Heidi Latsky’s thirty-five-year dance career began in Canada, continued with Bill T. Jones/Arnie Zane Dance Company, and culminated in 2001 when she founded Heidi Latsky Dance. A critically acclaimed, innovative, and influential leader in the physically integrated dance field, Latsky has toured internationally and presented at institutions such as American Dance Festival, Cooper Hewitt, the High Line, ICA Boston, Joyce Theater, the National Portrait Gallery, and the Whitney Museum. The company was featured at Lincoln Center’s 75th Anniversary of the Jerome Robbins Dance Division. Latsky’s keynote speeches have impacted audiences at APAP, Arts for All Abilities, Barnard College, the Chicago Humanities Festival, Harvard University, and the Maxine Green Institute. She has presented at TEDxWOMEN and a feature on her work, GIMP (2008), was nominated for an Emmy.

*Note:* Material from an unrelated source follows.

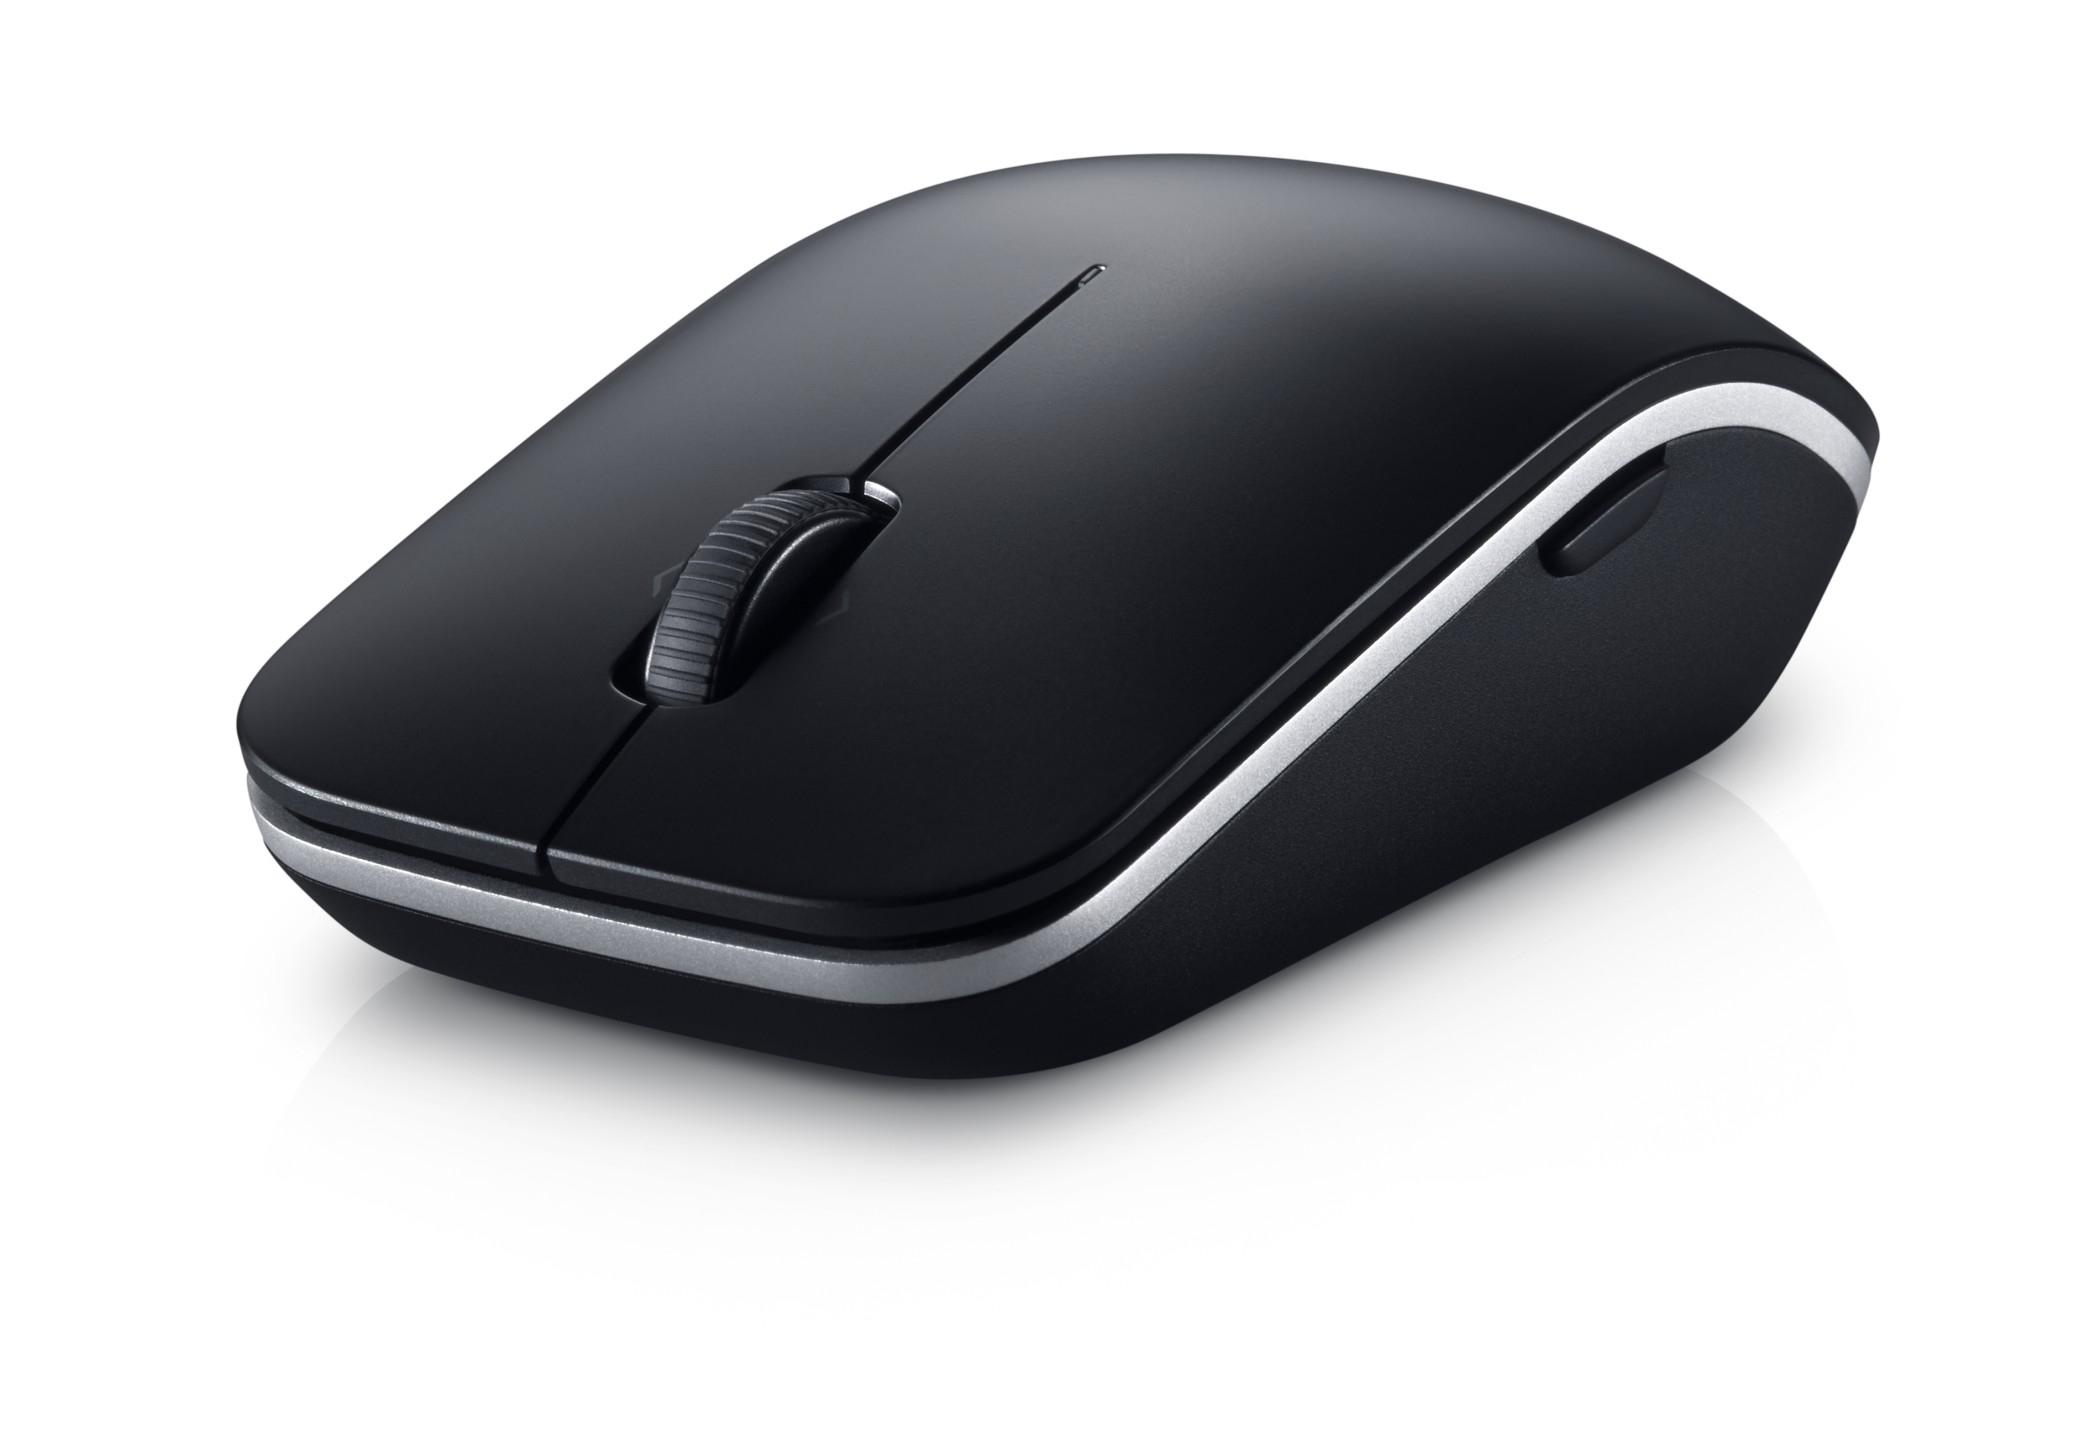 Dell Wireless Mouse - WM324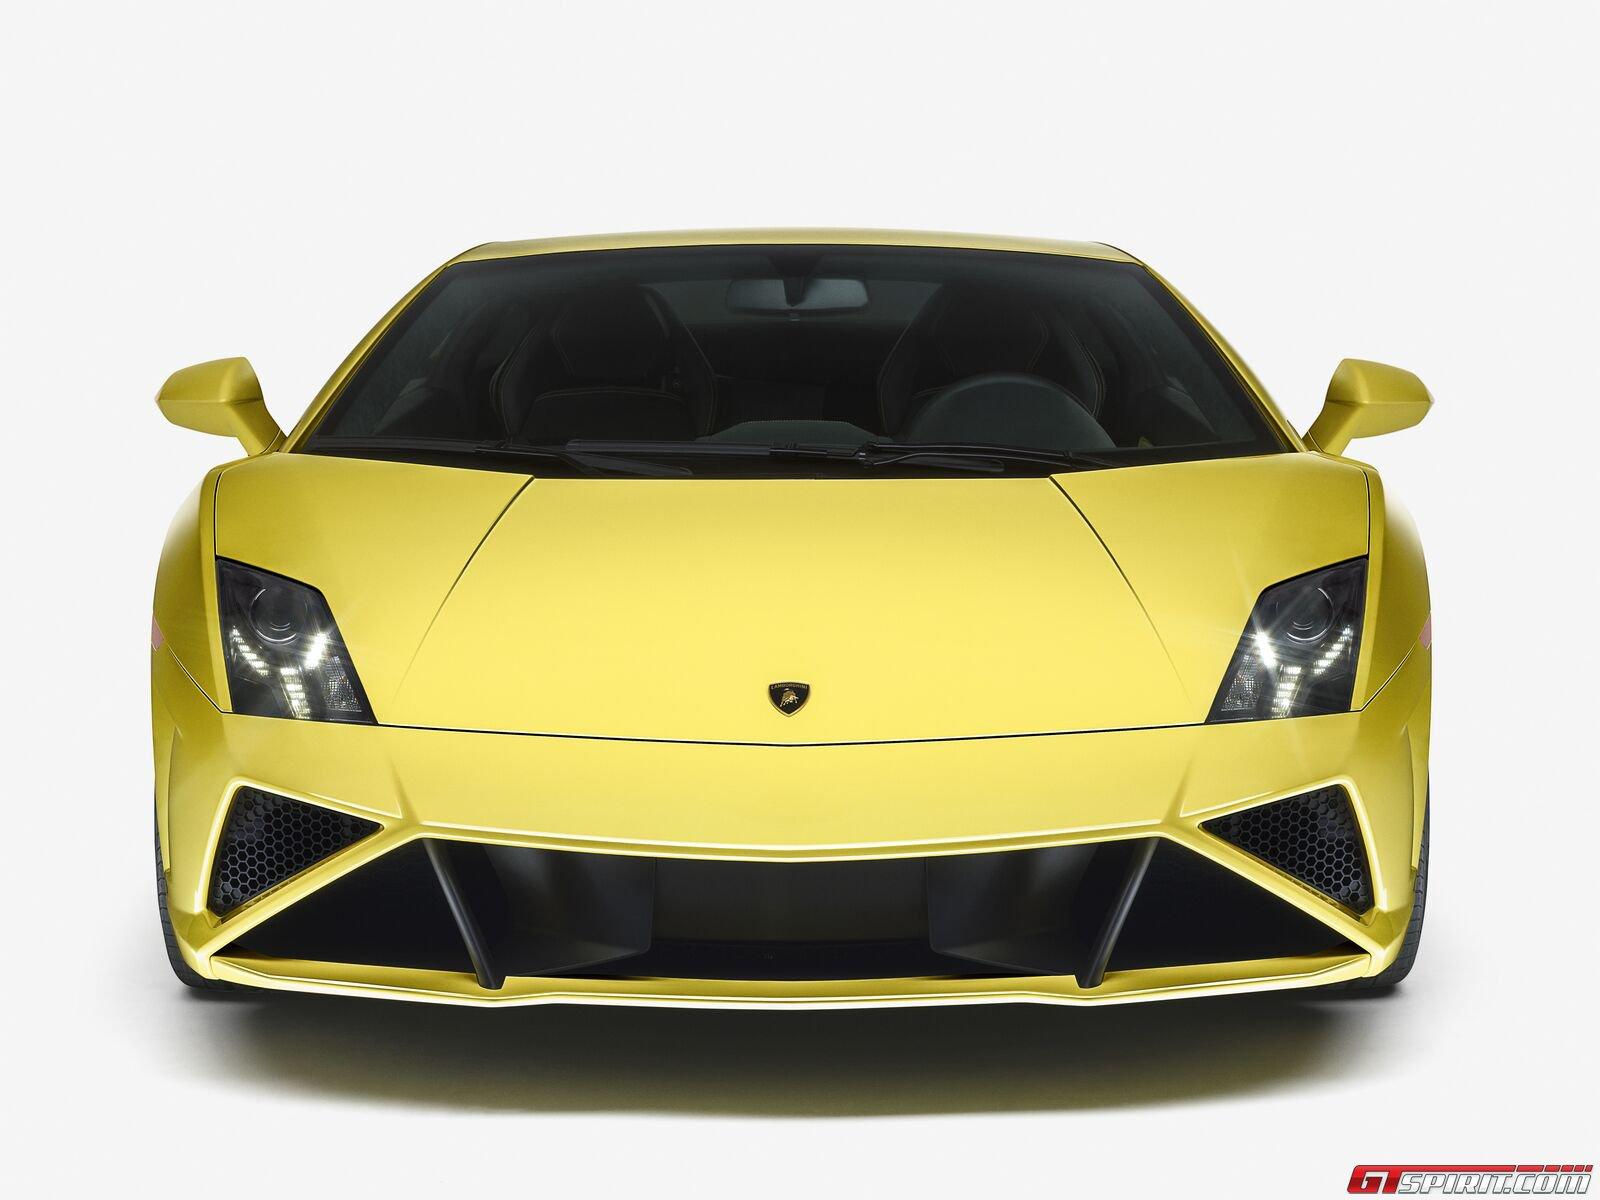 Lamborghini Gallardo LP560-4 Facelift Photo 3

Latsky’s ventures into technology and fashion have resulted in partnerships with the Fashion Institute of Technology, Google’s Creative Lab, the Mayor’s Office for People with Disabilities, NuVu Design Studios, and Positive Exposure. She has received awards from the Canada Council for the Arts, Creative Capital, the Ford Foundation, the National Endowment for the Arts, and NYSCA, among others.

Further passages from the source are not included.